As with so many gimmicky fads intended to reduce global warming, environmentalists now exuberantly call out: “tax carbon!”
Taxation and tax avoidance are art forms wielded by skilled, precise practitioners, not the blunt tool of well-intentioned hopeful thinkers relying upon complex markets.
On balance, the current rough concept of taxing “carbon” is utterly flawed in so many ways it deserves some pointed attention. Space prevents a detailed exposition of the wide range of traps and perverse outcomes such a concept holds.
The stated overarching objective is to reduce global warming by placing a vaguely outlined tax on carbon. The expectation is that by increasing prices, a commensurate reduction will occur in consumption of carbon-based materials as combustible fuel for transportation and electricity, along with emissions of its combustion byproduct, carbon dioxide, a greenhouse gas.
While the tax code has been a refuge for scams, millionaires and mischief, it is also a way to create focus. A tax on carbon, one which is not focused on building physical assets and solutions to substitute for current carbon-based energy systems, is merely a waste of time and a way to divert wealth away from and delay the physical transformation which ultimately must occur.
To be clear, the revenue generated by a carbon tax is not destined to be directly used to build and deploy new equipment for electrification of transportation or decarbonizing electricity production, including new transmission and storage capabilities. That is left to the vagaries of “markets.”
A “tax on carbon” is most often described as attaching at the point “carbon” first enters the commercial process that eventually produces products for consumers and industrial use: at the mine or well head. This simplified accounting approach translates into increased prices at each stage of commerce, including a proportional increase in profit.
Follow the money! As a tax, it flows to the government. It will almost certainly end up diverted into special interest programs from poverty to debt reduction to military expenditures, police salaries, government buildings, schools, tax cuts for the wealthiest -- a la Grover Norquist, and into the great abyss of uses beyond normal humanity to anticipate.
Keep it coming! Worse, when governments derive spendable funds from taxing carbon, they become strongly invested in maintaining carbon’s continued use. In this way, even with some marginal reduction in use due to increased prices, the government and government employees indirectly become handmaidens for those who seek to extend the carbon-based status quo.
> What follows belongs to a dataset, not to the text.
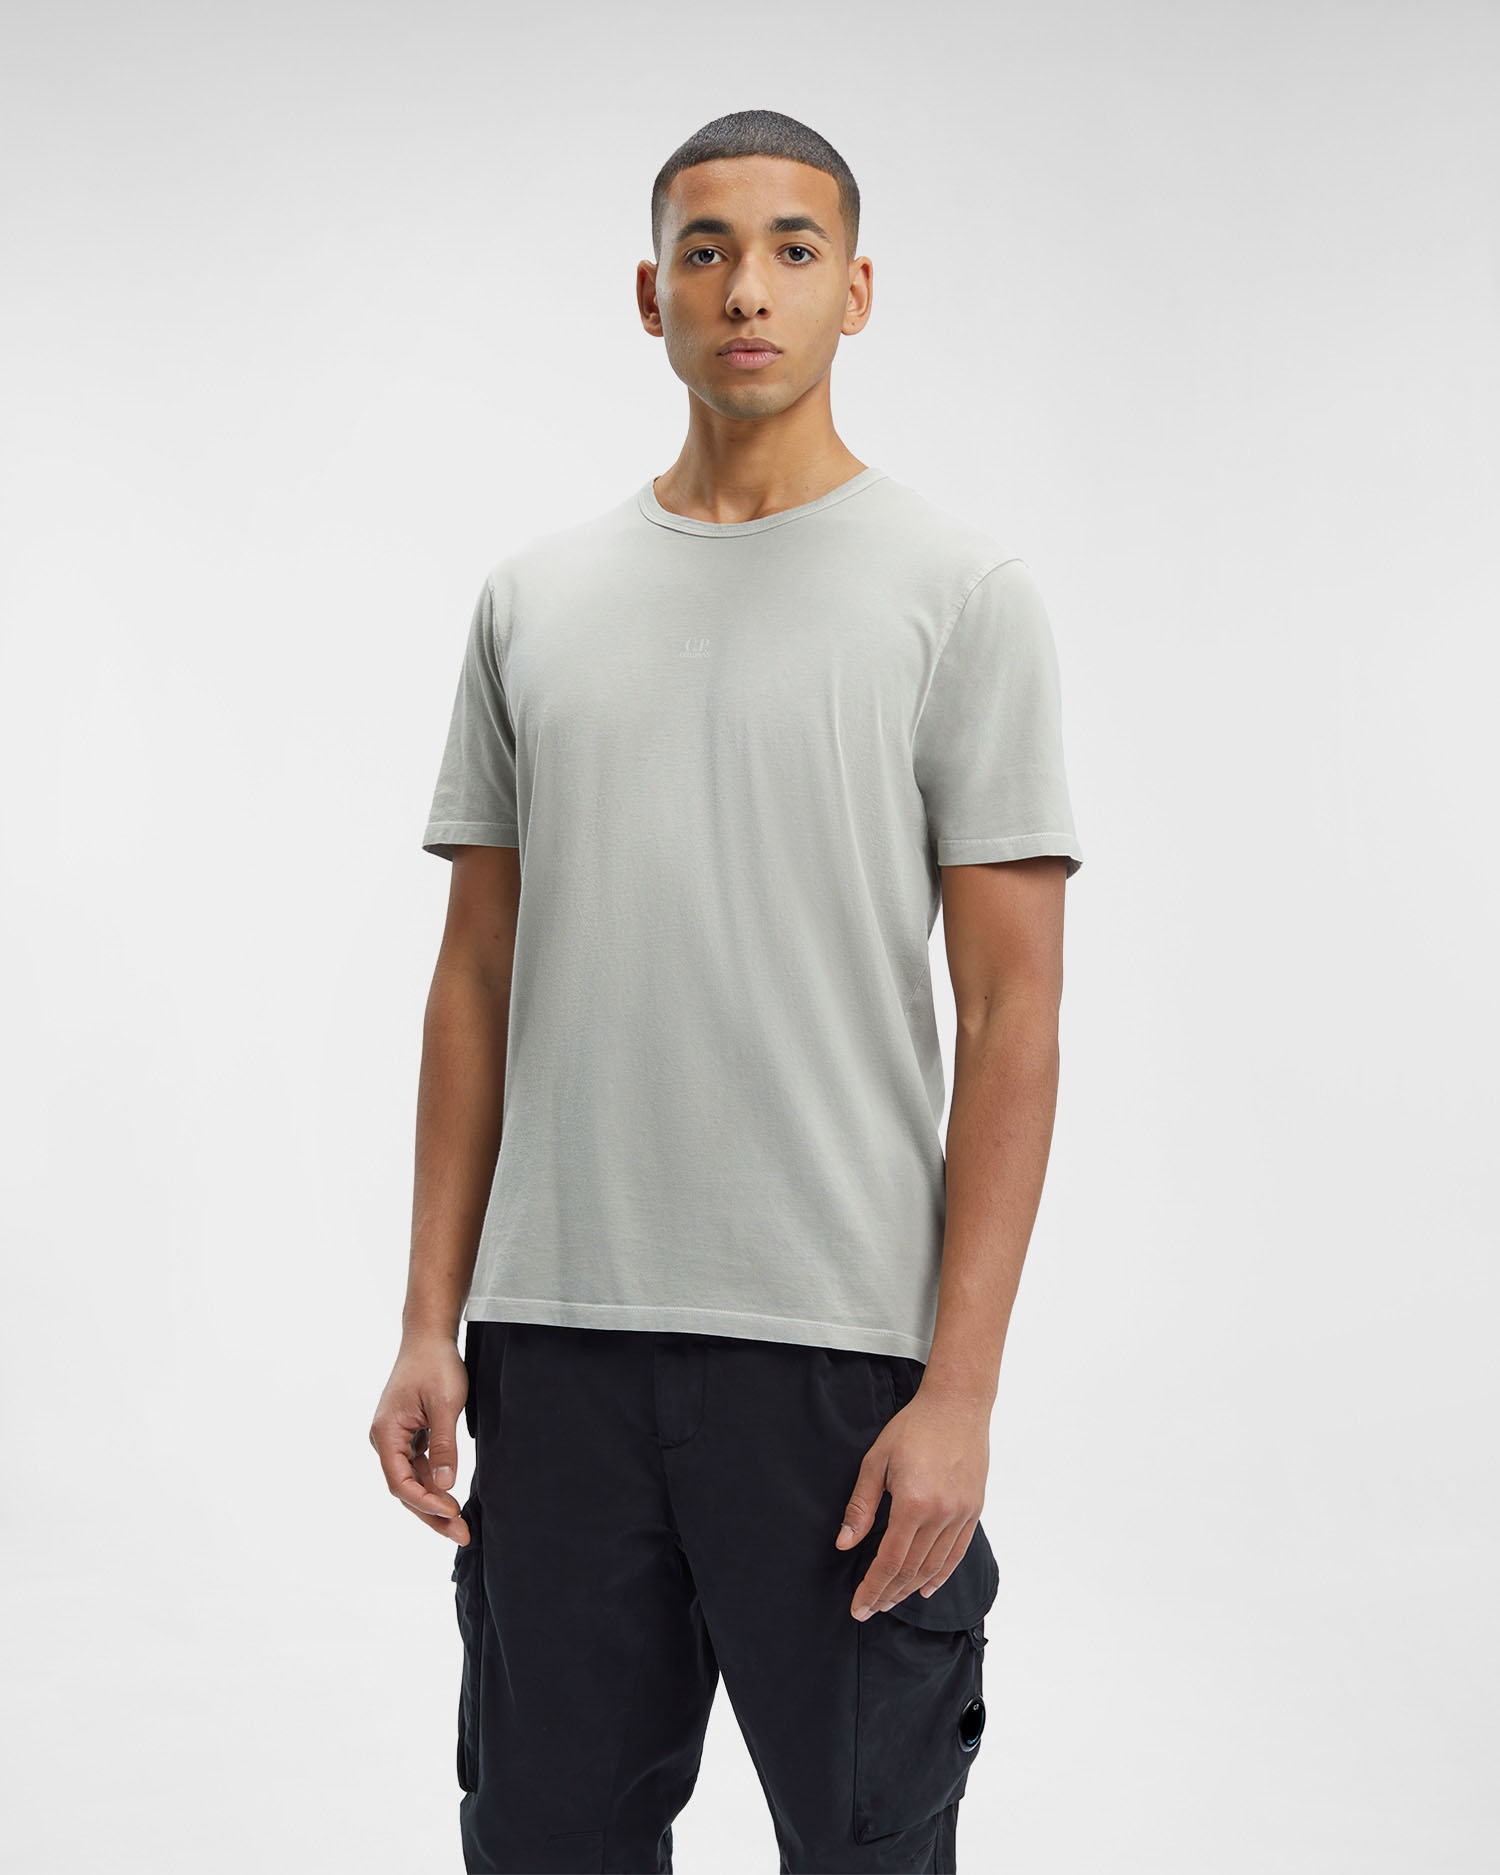 C.P. Online Company 24/1 T-shirt Jersey Resist | Dyed Store Relaxed

Some boldly suggest an impossible hypothetical in which tax revenues are collected by governments but magically bypass government coffers to be fully rebated directly back to consumers. This imagined approach has the bizarre consequence of both raising prices and simultaneously increasing consumer spending power to pay those increased prices. Again, this “circle of life” does nothing to efficiently produce and deploy the substitute energy, transmission or transportation technologies we urgently need.
Taxing carbon increases consumer prices at the point of purchase and thus is regressive, most adversely affecting the poorest people.
Even assuming a tax on carbon will theoretically raise the price for all things and thus reduce some consumption, it will fail to solve our overarching problem because it diverts funds away from the needed solutions, thus diminishing the funds available for building the necessary modern, large-scale wind, geothermal and solar PV facilities needed to truly reduce greenhouse gas emissions.
Instead, the “market” is visualized as making up the difference to supply those facilities. Ordinary markets, however, provide what consumers can afford, and this tends to efficiently cut out the poor, especially as they struggle to pay for the status quo. Utilities and subsidies have traditionally bridged this gap.
More importantly, existing coal, natural gas, and oil interests can rapidly arbitrage or reduce their prices in order to off-set any increased price signal large enough to push a change in technology. When the price signal is relatively small, they can merely pass on the cost of any carbon tax in their prices, well aware that their current technology is already built and constitutes a sunk cost to be profitably expensed over the longest period possible. Increased fuel costs are a small part of the overall picture, and thus any realistic tax will have a relatively small effect, one absorbed entirely by consumers.
By example, current gasoline taxes are used to build roads. People continue to buy gasoline, even at increased retail prices, as they have no viable substitutes. Gas taxes are not ordinarily used for mass transit. This is precisely what will occur with a tax on carbon unless we focus on deploying real substitutes.
Only if carbon-tax revenues are narrowly and exclusively focused on actually decarbonizing electricity production by building and massively deploying large-scale wind, geothermal and solar PV facilities and electrifying transportation to the maximum extent possible, can the environmental objectives of a carbon tax succeed.